Metahandler scraping non ASCII

The_Silencer

Developer
Jan 29, 2013
48
0
0
N/A
My development add-on has been working great scraping the site and pulling meta data until the site started allowing non ASCII format names and the metahandler stops at the first one. Here is an example of one of the names 'Antikörper'
Just to get my add-on working again I started filtering such as '([a-zA-Z \d # $ . : / = * , - " " ! @ & ?]+)' trying to add as many special characters as there are in the movie list. It scrapes the list and pulls metadata however there has to be a better way of fixing the non ASCII issue?

--UPDATE--
After spending the weekend working on this and asking questions from the awesome devs here at xbmchub, I was able to come up with a solution that worked with my add-on. This is the code I used to encode by default the website I am scraping *helps to match the website encoding*

import sys
reload (sys) *had to reload sys or would get error*
sys.setdefaultencoding('iso8859-1') *iso8859-1 is the encoding for the website I am scraping*

It was stated in python documentation this is not the best way to use encoding, however was easy and does work for my situation. Any feedback or recommendation are wanted.
 
Last edited:

voinage

Banned
May 9, 2012
574
0
0
Find out what the website encoding is then use that to decode.

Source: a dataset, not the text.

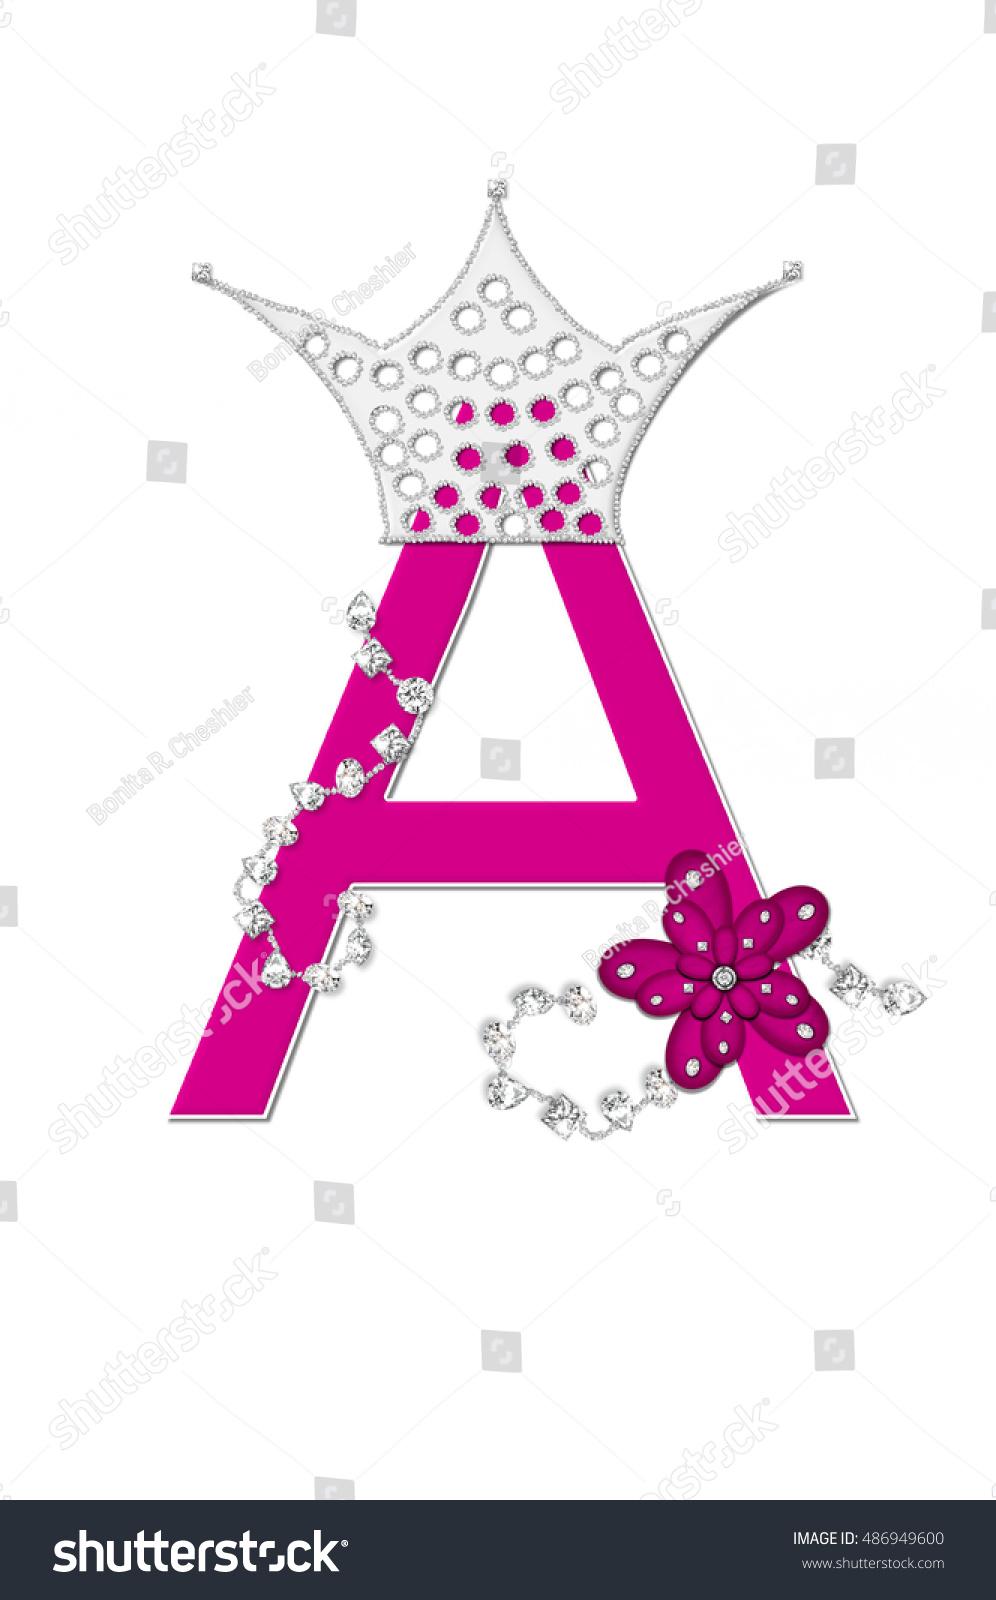 letter a images - Ceri.comunicaasl.com

name.decode('whatever') other than that I often have to escape special characters or language specific.
 

Eldorado

Moderator
Staff member
May 7, 2012
990
0
16
Some might not have noticed, but you when use the t0mm0 common methods to grab urls, it does try to find the encoding in the html and decodes it

I started doing what Bstrdsmkr does in 1Ch**nel and clean the html with htmlparser and encode to utf-8.. solving all my problems so far
 

voinage

Banned
May 9, 2012
574
0
0
I looked at that when i was playing with sql.
Got tired of you a text factory, annoying blah.

Why not add that to tommo.common / addon.common.
It's bloody useful, that way common can import HTMLparser and the like and it can just be called simply.

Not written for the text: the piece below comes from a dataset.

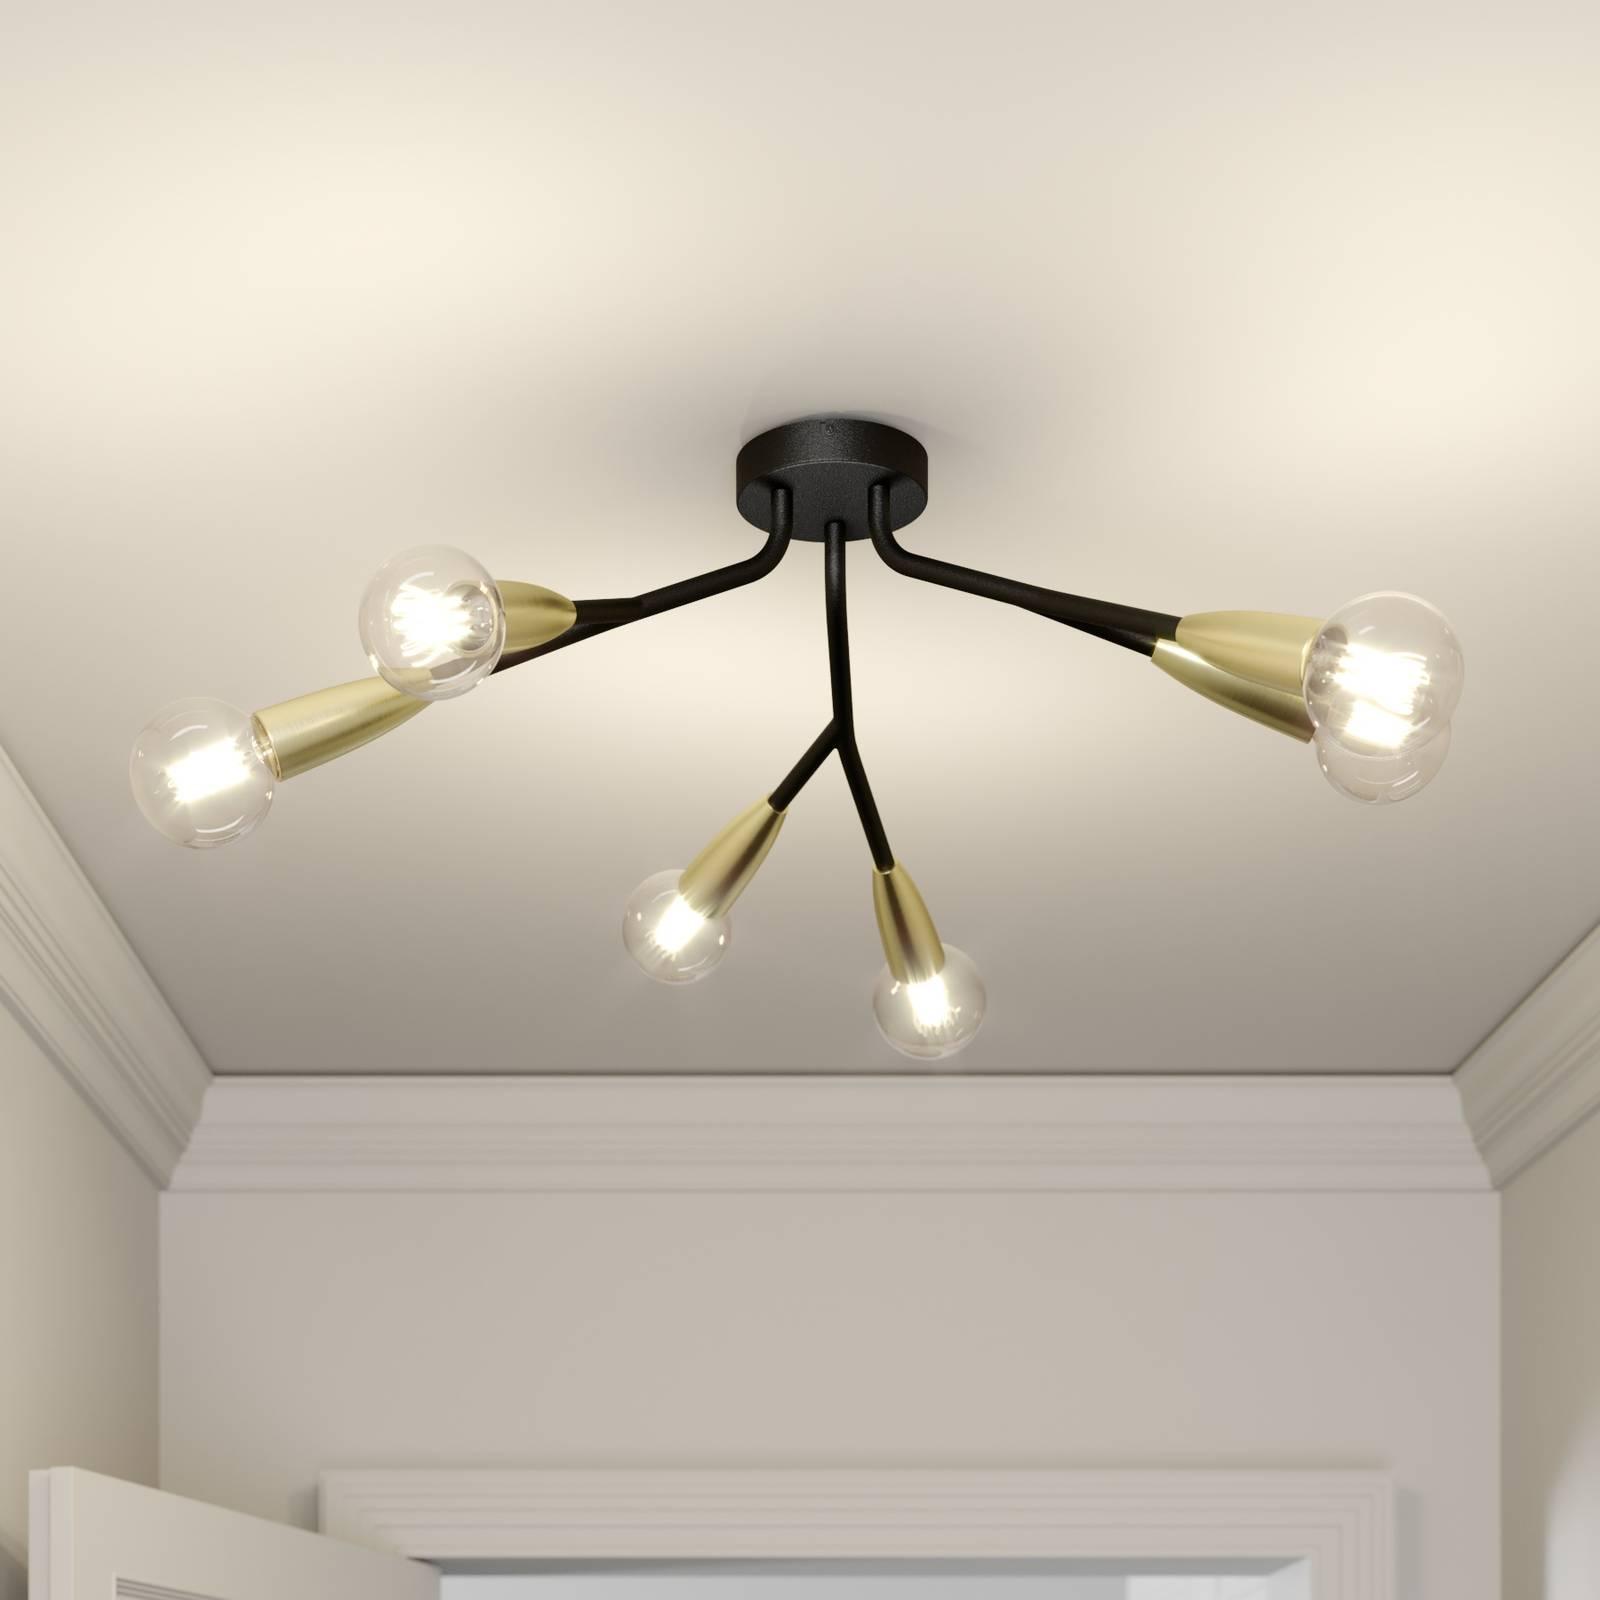 Lucande Carlea plafondlamp, 6-lamps zwart messing

clear(annoying_text,encode) & clear(annoying_text,decode) or textzap() LOL
 

Eldorado

Moderator
Staff member
May 7, 2012
990
0
16
It's a good idea!

I was thinking of adding to and expanding the whole get html portion of it.. so that we can do more than just get the html of a url

Just wasn't sure if html parse and then encode to utf-8 should be forced, or optional? I always start to think... 'could there be a scenario where someone would not want it done like that?'... and then I drive myself crazy trying to make a decision :)
 

voinage

Banned
May 9, 2012
574
0
0
Yep, you should expand that brother.

htmlparse then give them the option to specify: utf-8,ascii,iso,latin-1

The default for python is ascii.
This helps : sys.setdefaultencoding('utf-8') then python always tries for utf-8.
 

Bstrdsmkr

New member
Mar 16, 2012
763
0
0
I'd say default it to utf-8 with an option to pass in an encoding. The "right" thing to do is to keep everything in unicode until a special case comes along, but unfortunately the special cases aren't so special =(